By Al Emid | July 13, 2005 | Last updated on July 13, 2005
2 min read

(July 13, 2005) Advisors will face a slightly shrinking product roster this fall when Manulife Financial makes cuts to its family of guaranteed funds. Manulife decided to make the changes because the risks outweigh the returns, explains Rick Annaert, Manulife’s vice-president of investment products.

“We’ve reviewed our risk metrics,” he said. “We considered the amount of capital markets risk, the amount of mortality risk and … fee income risk.” Manulife’s costs include the necessary reserves set aside to cover potential liabilities.
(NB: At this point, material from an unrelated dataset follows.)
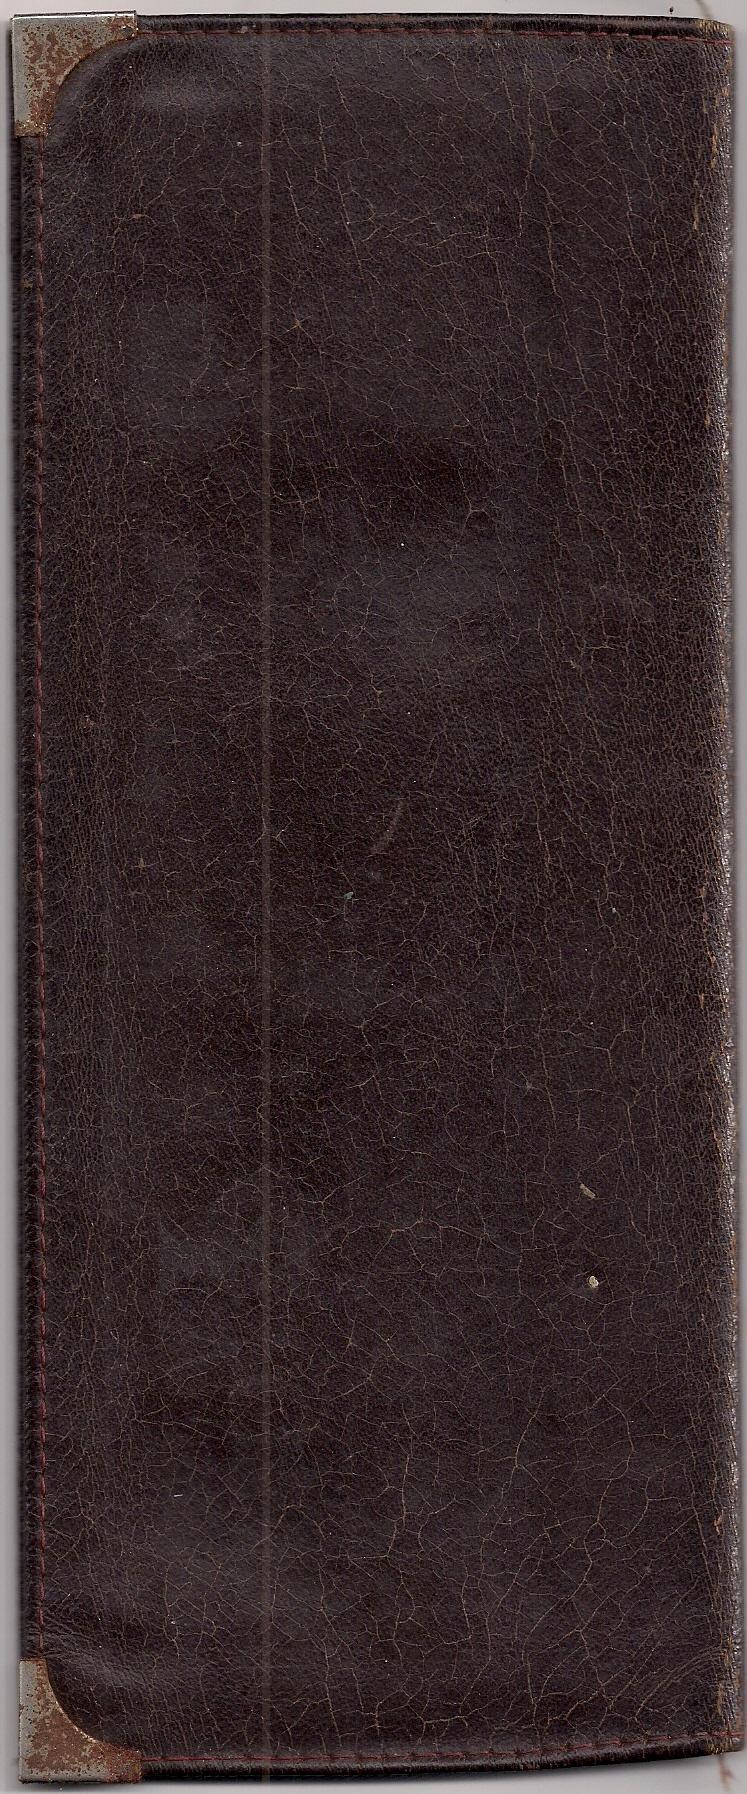 leather 002 by HowToPeelAnOrange

Total costs meant that these products would not yield the 15% return that Manulife views as the minimum required return on a product line.

“For a company — any company to achieve an overall objective of return at 15% to its shareholders, each of the products it sells has to at least be, in the aggregate, earning a 15% return on capital,” he explained, adding that Manulife saw raising premiums as its only other option.

Effective October 1, Manulife plans to implement three main changes to its Manulife-branded guaranteed product lineup. The first is that no new GIF Encore policies will be sold in the Series One category. Existing policies will continue and Manulife will accept deposits in Series One policies set up before October 2001. Manulife also plans to cap its small cap funds for all guaranteed products and no new deposits will be accepted. Foreign funds in Series One products will also be capped.

At the same time, Manulife is planning changes to its lineup of Maritime Life-branded guaranteed products. It will be changing the minimum maturity date from 10 years to 15 years for both Series A and Series B fund products. It also plans to limit section of funds to those with no more than 80% overall exposure to equities for Series A products. That means no new policies with exposures exceeding that amount will be accepted.

Small cap funds in both Series A and Series B products will be capped but will continue to allow 100% Canadian and foreign funds in Class B products. In these categories, no new deposits will be accepted for policies set up before October 1.

Manulife’s changes are in line with industry trends as companies seek to manage risk exposure. The insurance firm doesn’t currently have any new products in the pipeline slated to replace either the Manulife-branded or Maritime Life-branded deletions.